The issue is that any datatype can be wrapped into a `Dynamic`, hence we lose some type safety. We want to restrict the types of the collection members using some constraints (`Resizable`, etc.).

Constraint Tuple ADT Existentials Dynamic
Non-fixed length NO - - -
Easily data extensible - NO YES YES
Easily support constraints on elements - NO YES NO
Keep knowledge of element types at runtime - YES NO YES

## HList

Instead of wrapping the elements of the collection, we could change the collection type to one that keeps track of the element types at compile time. For instance, HList. However the size of the “list” is fixed at compile time.

Constraint Tuple ADT Existentials Dynamic HList
Non-fixed length at runtime NO - - - NO
Easily data extensible - NO YES YES YES
Easily support constraints on elements - NO YES NO NO
Keep knowledge of element types - YES NO YES YES
Easy to use YES YES YES YES NO

The most basic sum type in Haskell is `Either a b`. It can be used to wrap a value whose type is either `a` or `b`.

Constraint Tuple ADT Existential Dynamic HList Either
Non-fixed length at runtime NO - - - NO -
Easily data extensible - NO YES YES YES NO
Easily support constraints on elements - NO YES NO NO NO
Keep knowledge of element types - YES NO YES YES YES
Easy to use YES YES YES YES NO YES
More than two element types - YES YES YES YES NO

We can generalize it with a GADT such as:

``````data Union (as :: [*]) where
Union :: Either (Union as) a -> Union (a ': as)
-- other implementations are possible...``````

To make any union of resizable types resizable, we can write the following instances:

``````-- required boilerplate instance
instance Resizable (Union '[]) where
resize = undefined

instance (Resizable a, Resizable (Union as)) => Resizable (Union (a ': as)) where
resize f (Union (Right a)) = Union (Right (resize f a))
resize f (Union (Left u))  = Union (Left (resize f u))``````

The issue with this approach is that the actual type of an element is obtained by a linear traversal of the `Either` constructor nest. Moreover, we need to store this constructor nest for each element.

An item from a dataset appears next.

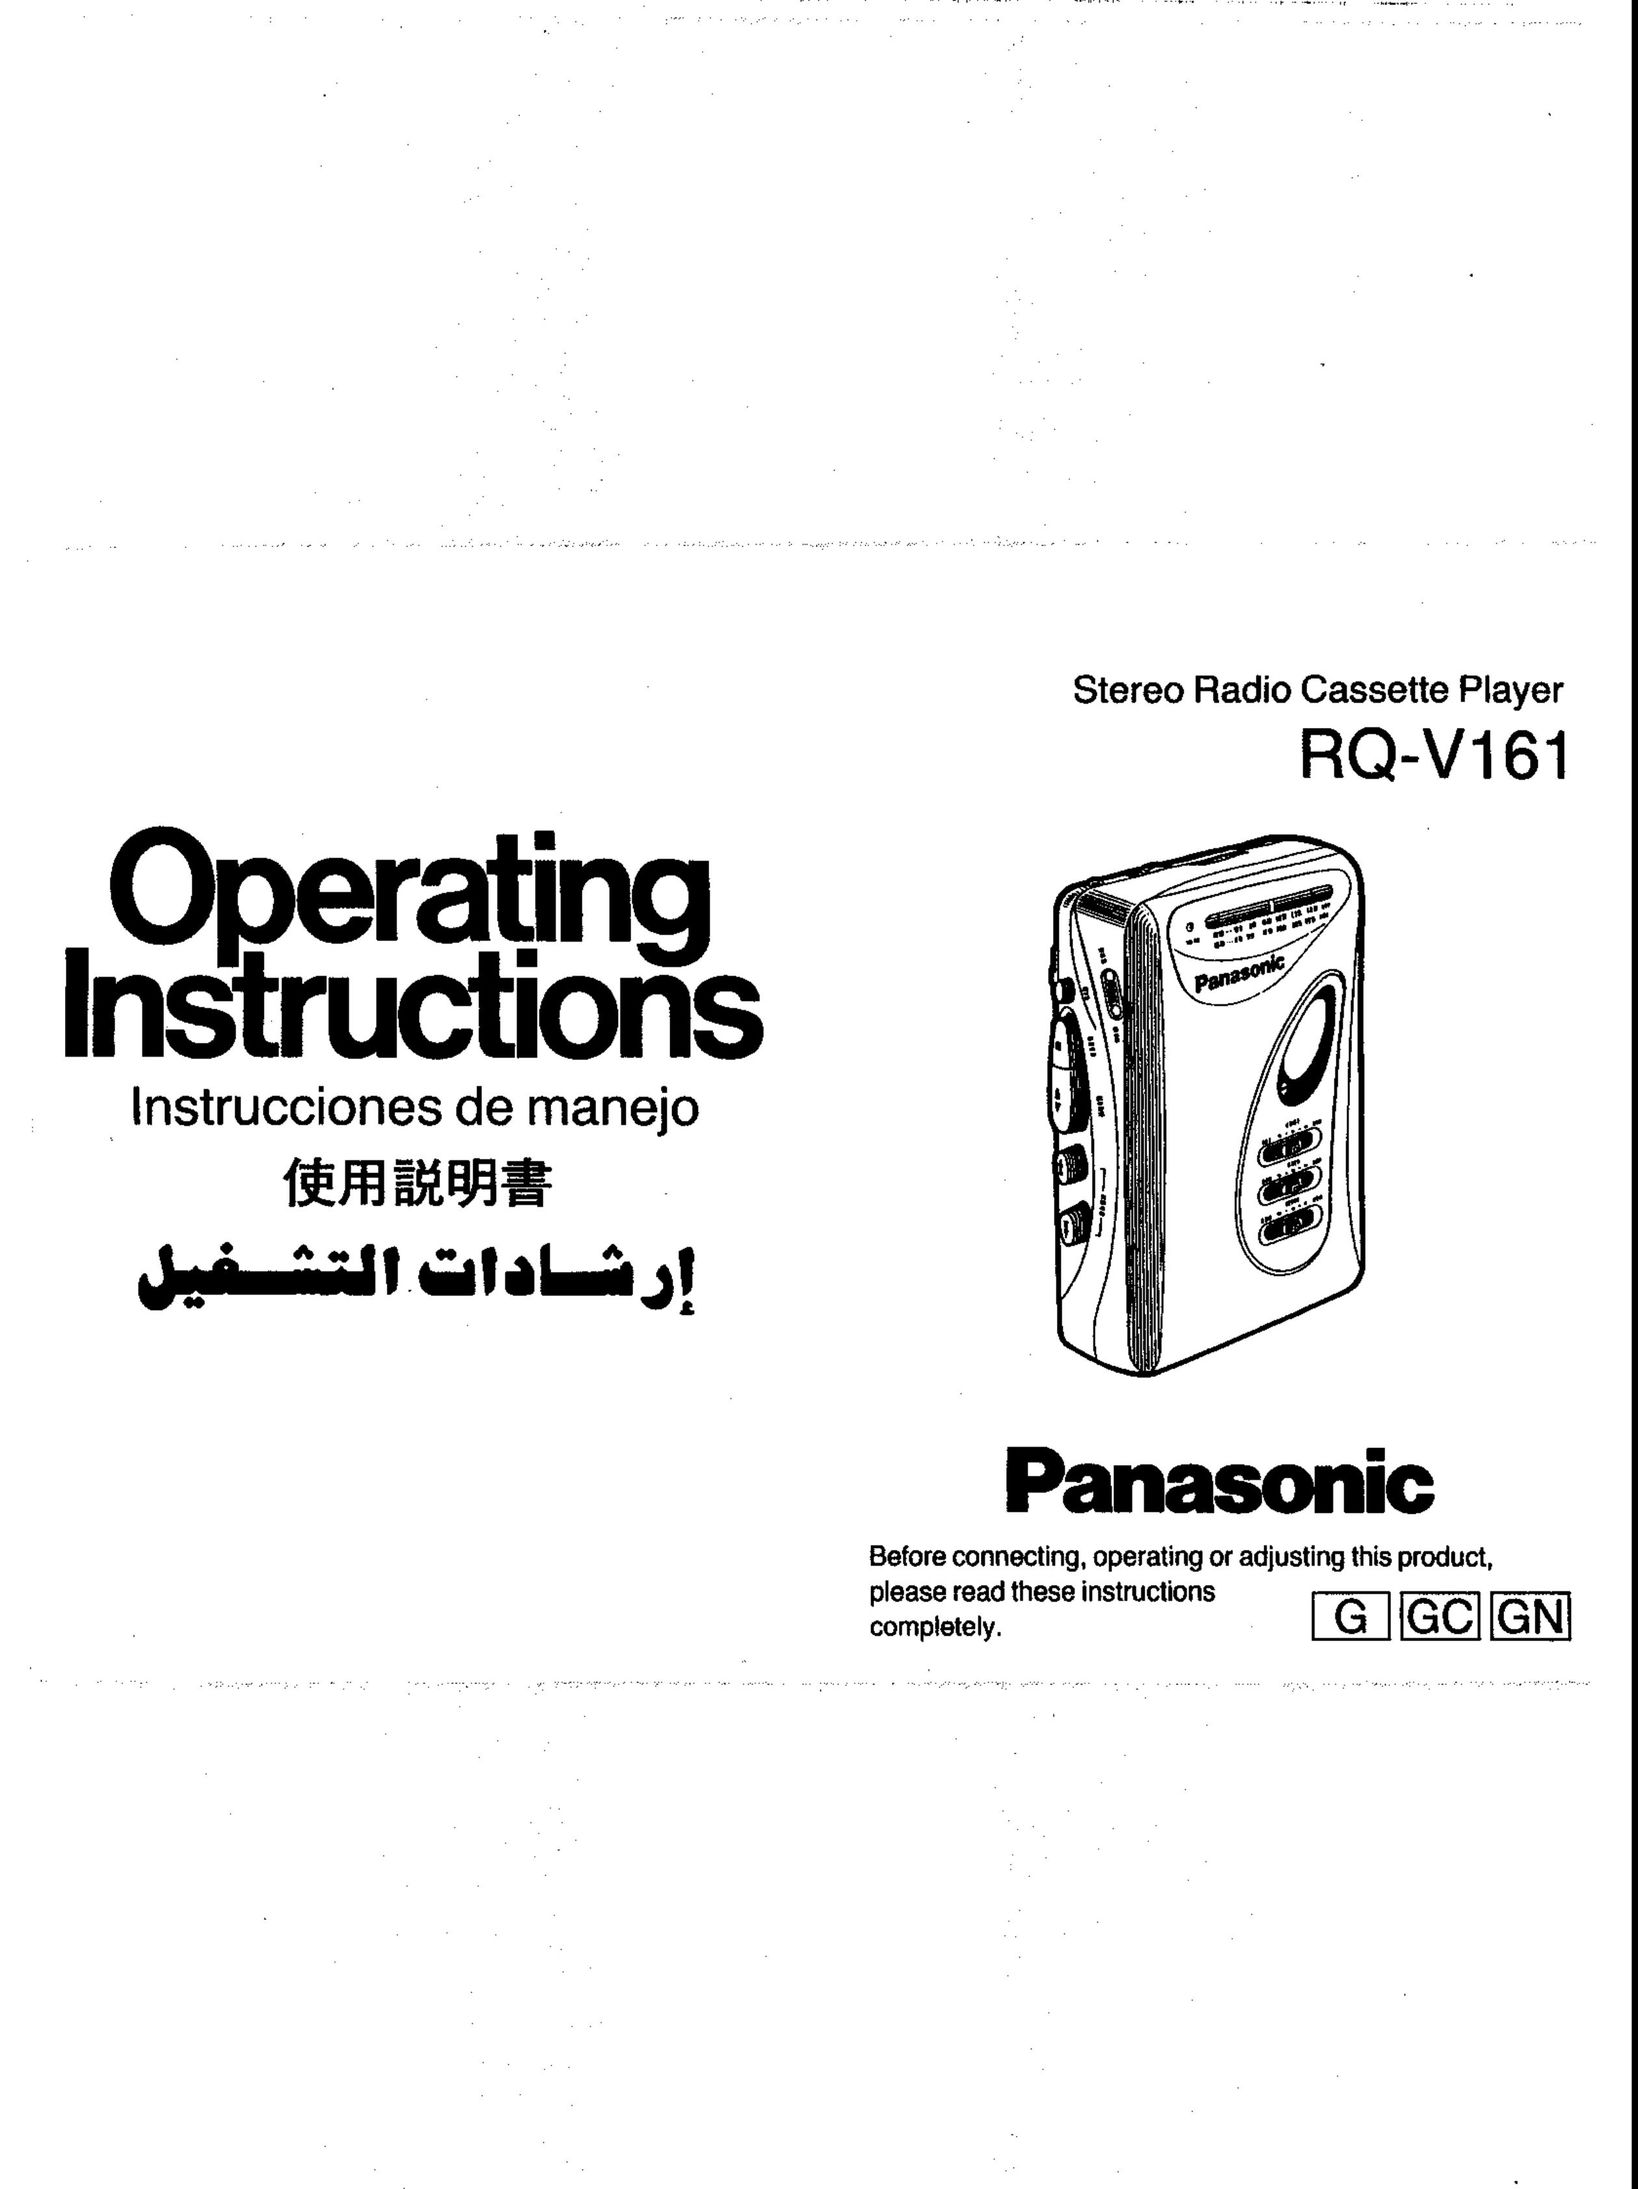 Panasonic RQ-V161 Cassette Player User Manual
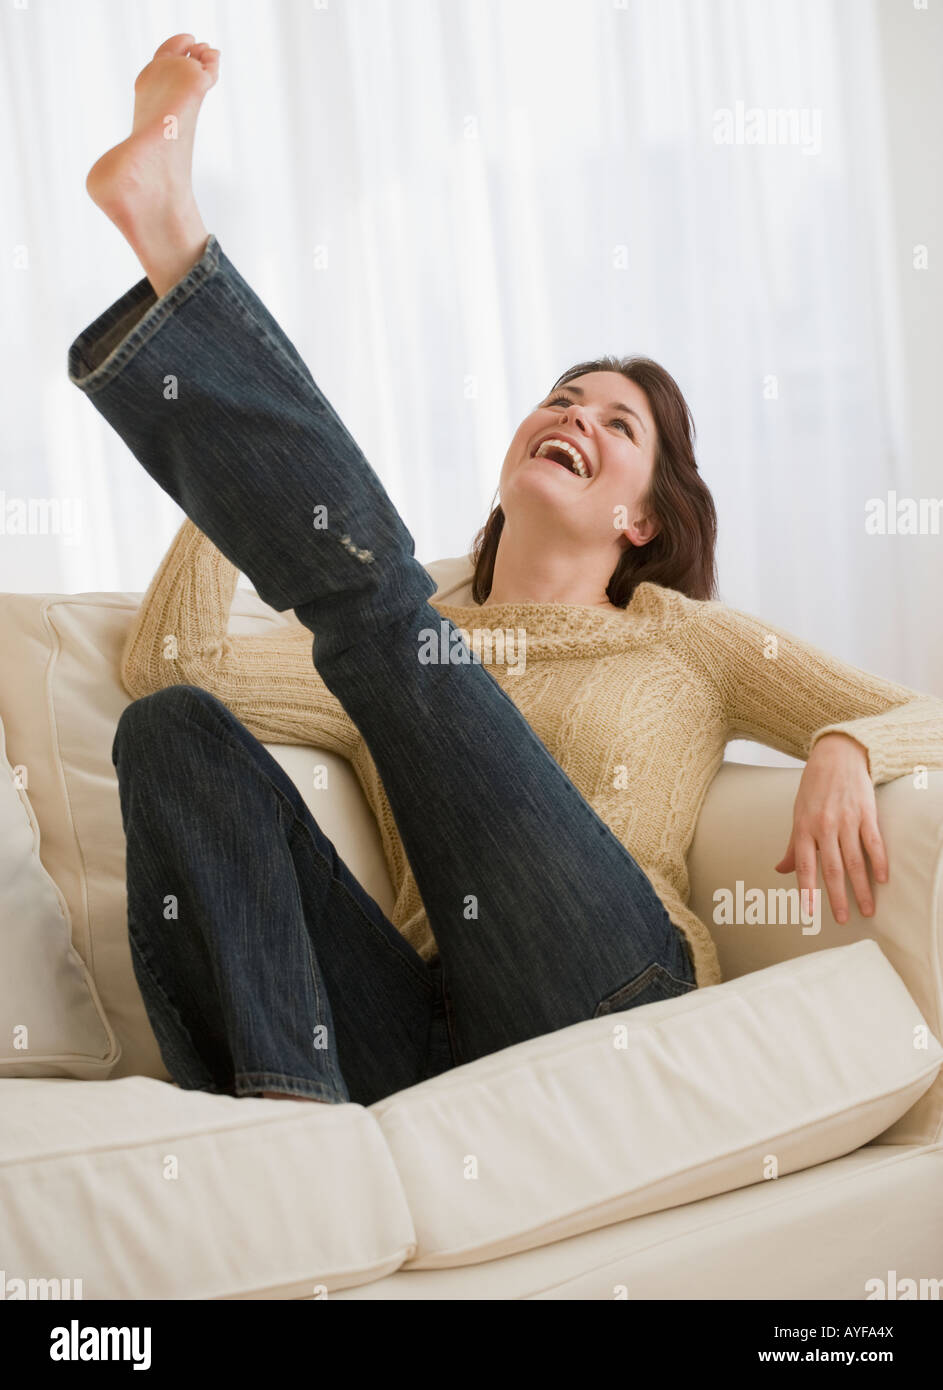 Woman kicking leg on sofa Stock Photo

Constraint Tuple ADT Existential Dynamic HList Either GADT
Non-fixed length at runtime NO - - - NO - -
Easily data extensible - NO YES YES YES NO YES
Easily support constraints on elements - NO YES NO NO NO YES
Keep knowledge of element types - YES NO YES YES YES YES
Easy to use YES YES YES YES NO YES YES
More than two element types - YES YES YES YES NO YES
Efficient tag storage/obtention - YES - - - YES NO

## Variant

Could we avoid the suboptimal storage of the “tag” used to determine the actual element type with the GADT approach? It turns out we can: we just need to use a number similarly to the way ADT values are internally stored.

``````data Variant (types :: [*]) = Variant {-# UNPACK #-} !Word Any

type role Variant representational``````

This is how the `Haskus.Utils.Variant` type is defined in my haskus-utils package.

Using a list of `Variant` as our heterogeneous collection, we finally get:

Constraint Tuple ADT Existential Dynamic HList Either GADT Variant
Non-fixed length at runtime NO - - - NO - - -
Easily data extensible - NO YES YES YES NO YES YES
Easily support constraints on elements - NO YES NO NO NO YES YES
Keep knowledge of element types - YES NO YES YES YES YES YES
Easy to use YES YES YES YES NO YES YES YES
More than two element types - YES YES YES YES NO YES YES
Efficient tag storage/obtention - YES - - - YES NO YES

Performance of `Variant` operations should be close to performance of ADTs with one indirection (i.e., constructors with a single (lifted) field). In a previous post, we saw that some operations such as `rewriteAll` in the example above were almost compiled to a direct pattern matching on the variant tag with GHC 8.0.1. My patch should have made this even better in GHC 8.2.1 but sadly it isn’t the case because of #14170… I hope to get it fixed soon.